Monarchs of Lan Xang;
- Reign: 1500–1520
- Coronation: 1500
- Predecessor: Somphou
- Successor: Photisarath
- Born: Laksana Vijaya Kumara 1465 Muang Sua, Lan Xang
- Died: 1520 (aged 54–55) Vientiane, Lan Xang
- Issue: Photisarasa Kumane

Regnal name
- Samdach Brhat-Anya Chao Visunha Rajadipati Pada Sri Sadhana Kanayudha
- Dynasty: Khun Lo
- Father: Chakkaphat Phaen Phaeo
- Religion: Therevada Buddhism

= Visoun =

Visoun (Vixoun also Visunarat or Vixounarath) was the king of Lan Xang from 1500 until 1520. He was the seventh son of King Sai Tia Kaphut, King of Lan Xang. He was appointed as Governor of Vientiane in 1480 and as Chief Minister with the title of Phya Sena Muang in 1491 with the reign name of Visoun (Lightning). He served as Regent for his minor nephew from 1495 to 1497. He deposed his nephew and was proclaimed as King in 1500. He ascended the throne and was crowned King in 1501. His reign was prosperous and peaceful with a large number of shrines and monuments being constructed, including the Maha Vihara of Wat Visoun, which he built to house the palladium of Luang Prabang, the Phra Bang, which had been at Vientiane since 1359. A number of important religious texts and literary works were composed or translated into Lao during his reign. He died at Vientiane in 1520.
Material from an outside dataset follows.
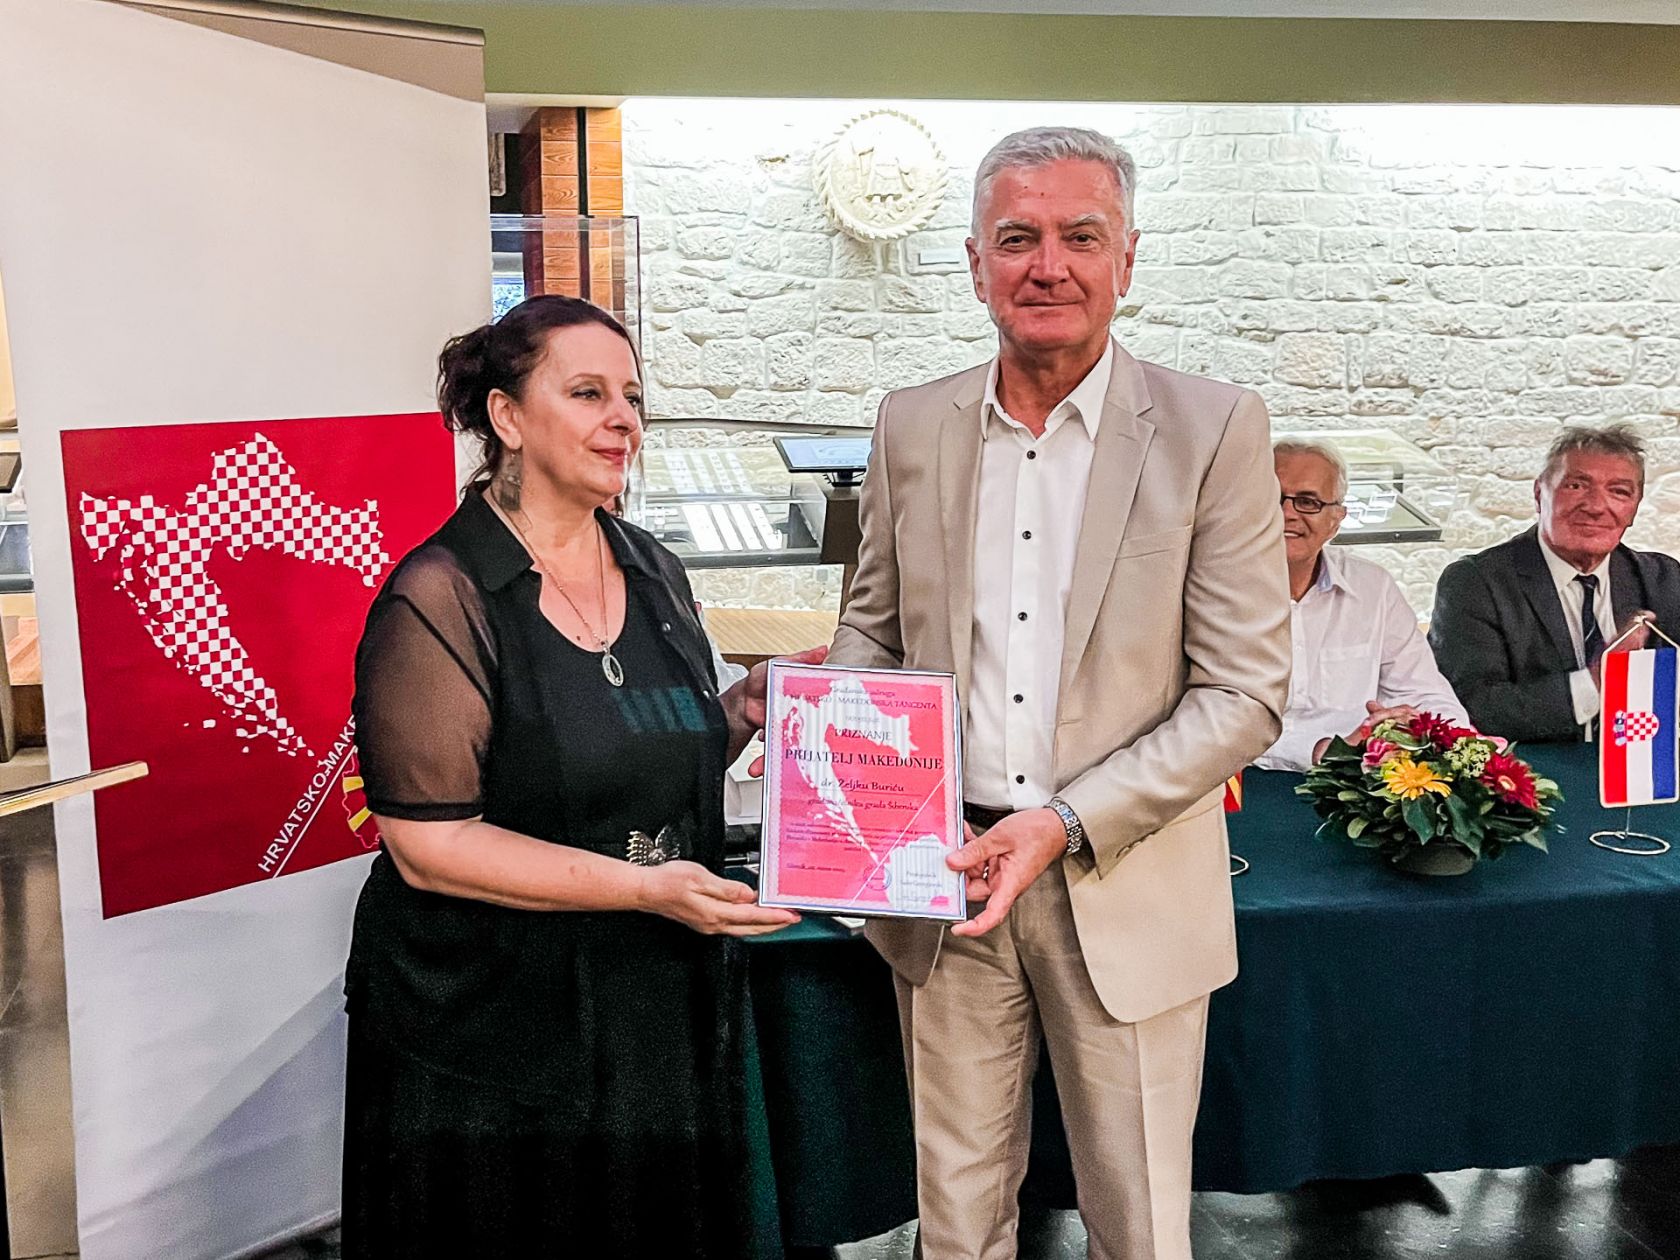 Gradonačelnik Burić dobitnik nagrade „Prijatelj Makedonije“

== Literature during his reign ==
During his reign, Visoun invited learned monks to stay in Xiang Dong Xiang Thong (Luang Prabang). At that time, Buddhist and Hindu literature were copied and translated. Lao monks extended the Jatakas to be the Lao version. The Lao version of Jatakas called Ha Sip Xat contains 27 stories which are not in the original Jatakas. Moreover, the Lao monks produced the Lao version of Panchatantra and Ramayana which is known as the Phra Lak Phra Lam.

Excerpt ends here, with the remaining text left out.